L = T(q, q̇) − V(q) # Lagrangian: kinetic minus potential d/dt ( ∂L/∂q̇ ) − ∂L/∂q = τ # Euler–Lagrange: turn the crank → torques τ
Road two: Newton–Euler, the force bookkeeper
The Newton–Euler route refuses to leave the physical world for even a moment. It applies two laws to every single link: Newton's law (net force equals mass times the acceleration of the link's center of mass) and Euler's law (net torque equals the rate of change of angular momentum, which involves the link's inertia tensor). Two equations per link, written out honestly in vectors.
The catch is that the links are coupled: the hand pushes on the forearm, which pushes on the upper arm, all the way down to the base — and gravity and inertia act on every piece at once. So you cannot solve one link in isolation. You have to bookkeep the forces and momenta passing between neighbors, link by link, frame by frame. It is concrete and physically transparent — you can point at every term and say what it *is* — but it is also fussy, and a single mislabeled frame or wrong sign quietly corrupts everything downstream.
What robots actually run: the recursive algorithm
Naively building the full symbolic equation and then plugging in numbers costs work that grows faster than the joint count — too slow to run a thousand times a second on a real arm. The fix is the recursive Newton–Euler algorithm (RNEA), and it is what production controllers genuinely execute for inverse dynamics: given desired joint positions, velocities, and accelerations, compute exactly the torques needed.

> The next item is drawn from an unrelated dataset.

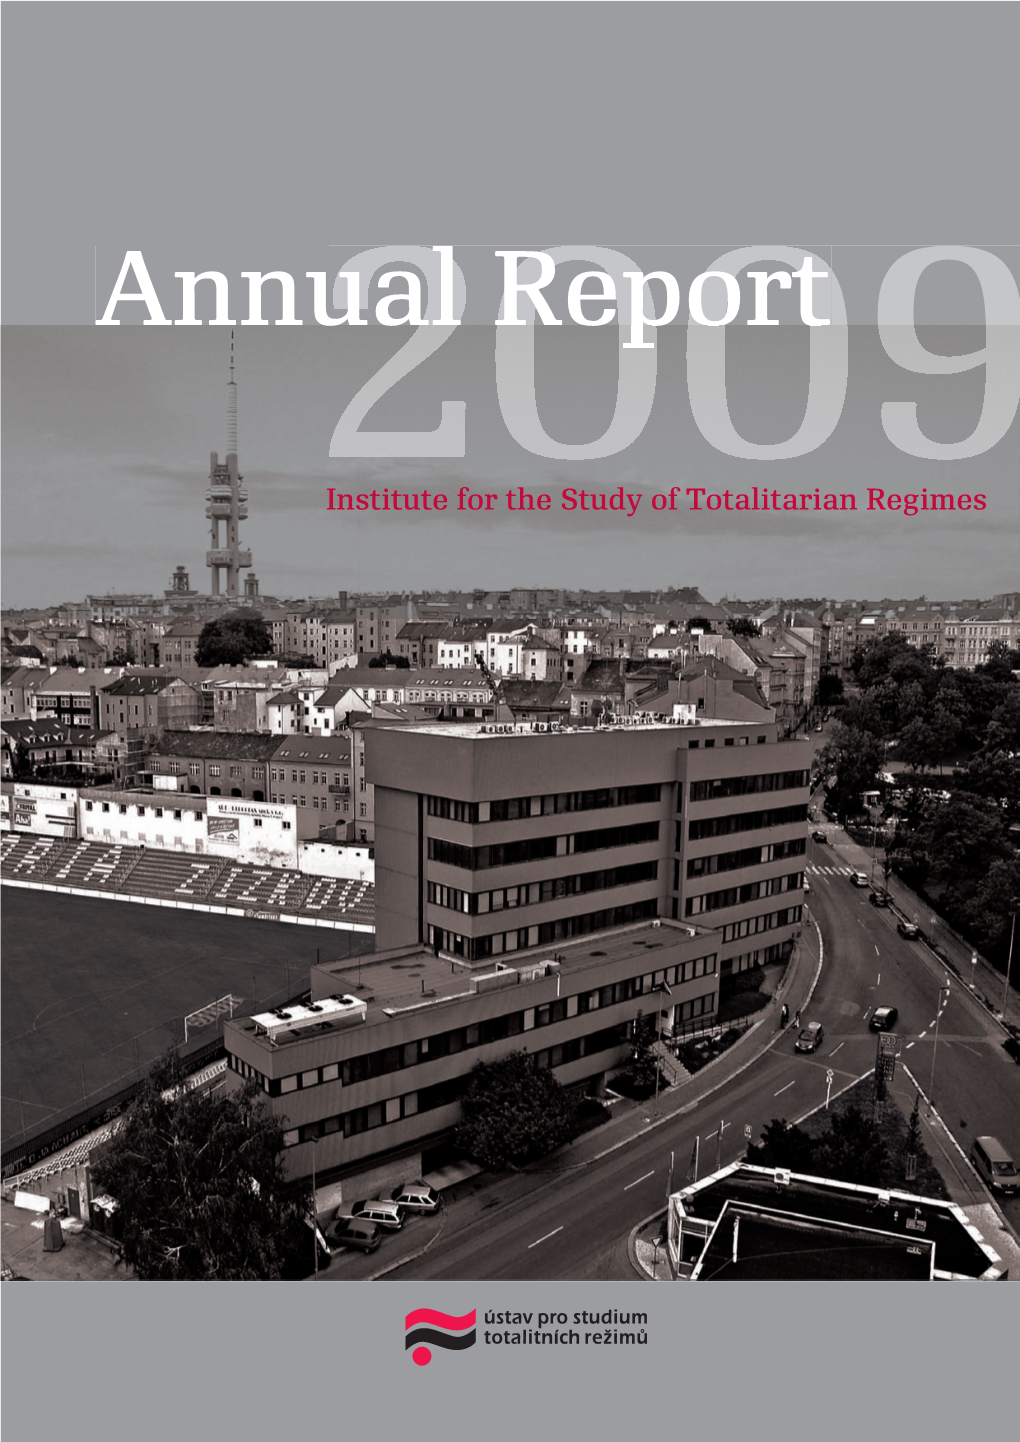 Annual Report of the Institute for the Study of Totalitarian Regimes for 2008
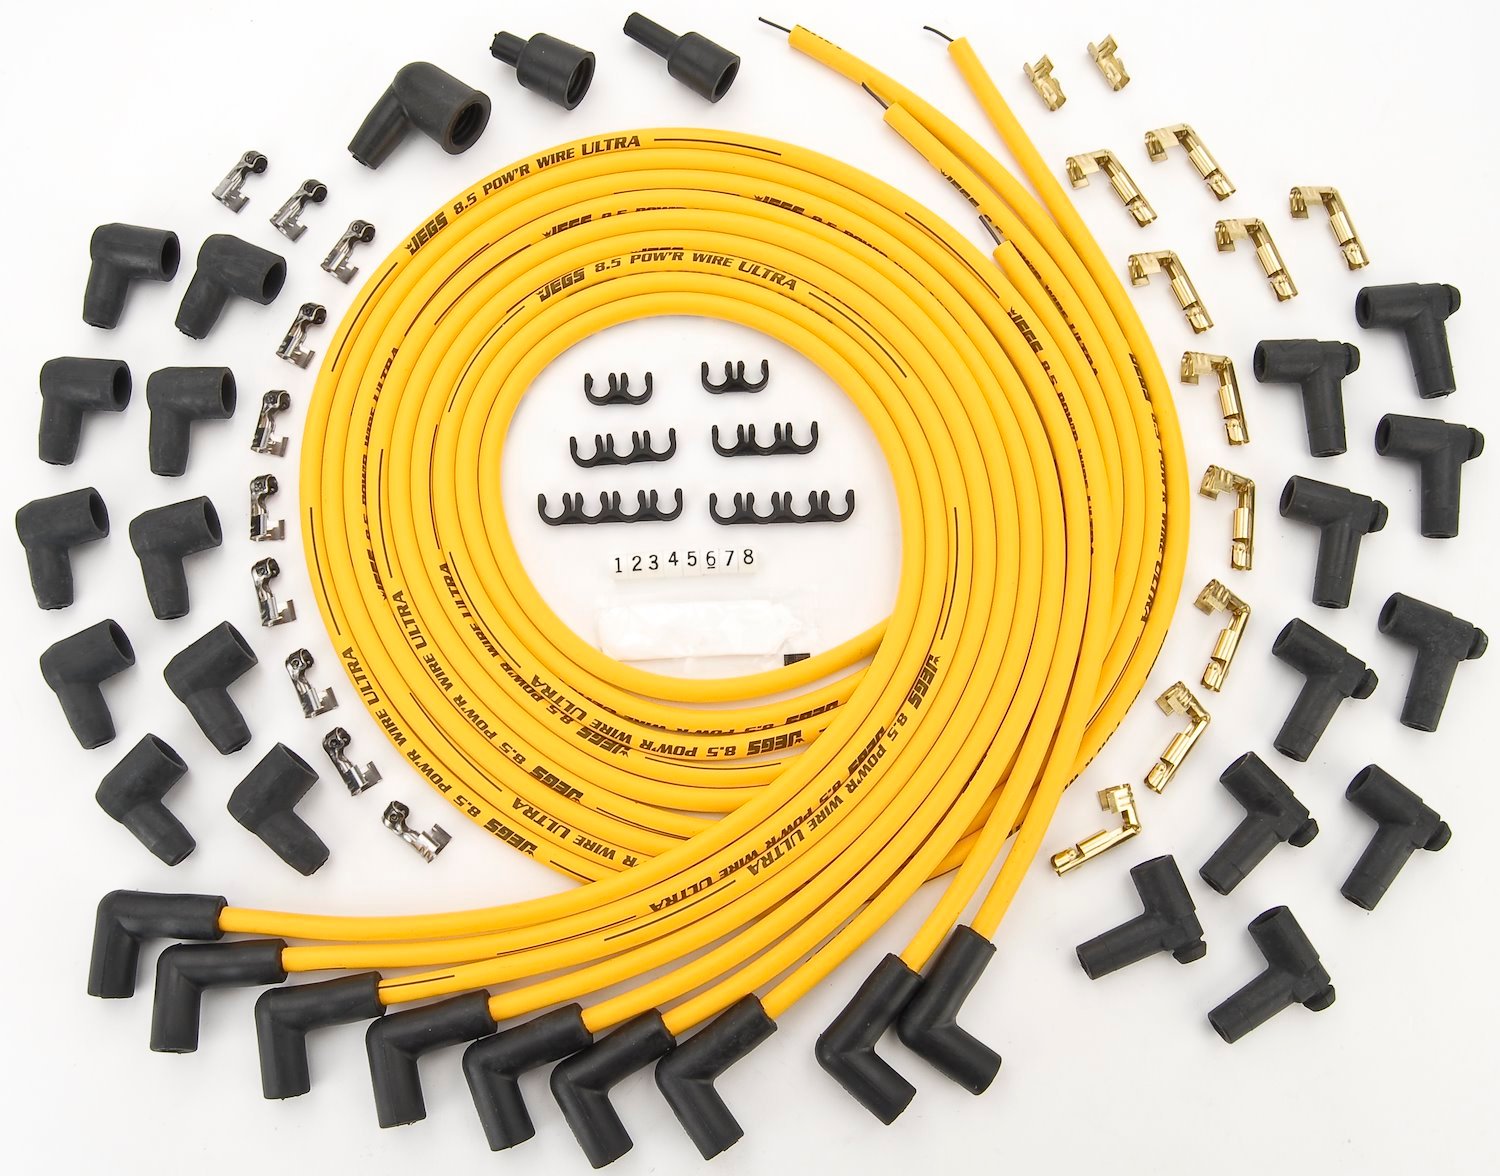 8.5mm Yellow Ultra Pow'r Wires Small & Big Block Chevy Over Valve Covers or Under Headers

- Outward pass (base → tip): starting from the fixed base, propagate velocity and acceleration up the chain, one link at a time, so each link knows how it is moving and accelerating.
- From each link's motion, compute the force and torque acting on it, using Newton's and Euler's laws with the link's mass and inertia tensor.
- Inward pass (tip → base): starting from the end-effector, sum forces and torques back down the chain, so each joint collects everything the links beyond it impose on it.
- Project each joint's total force and torque onto its motion axis to read off the required actuator torque — done in time linear in the number of joints, i.e. O(n).
That two-sweep structure is why the recursive form is so fast: each link is visited a fixed number of times, so doubling the joints only doubles the work. The same machinery also underpins forward dynamics (predicting motion from given torques, used inside simulators) and feeds model-based controllers such as computed-torque control.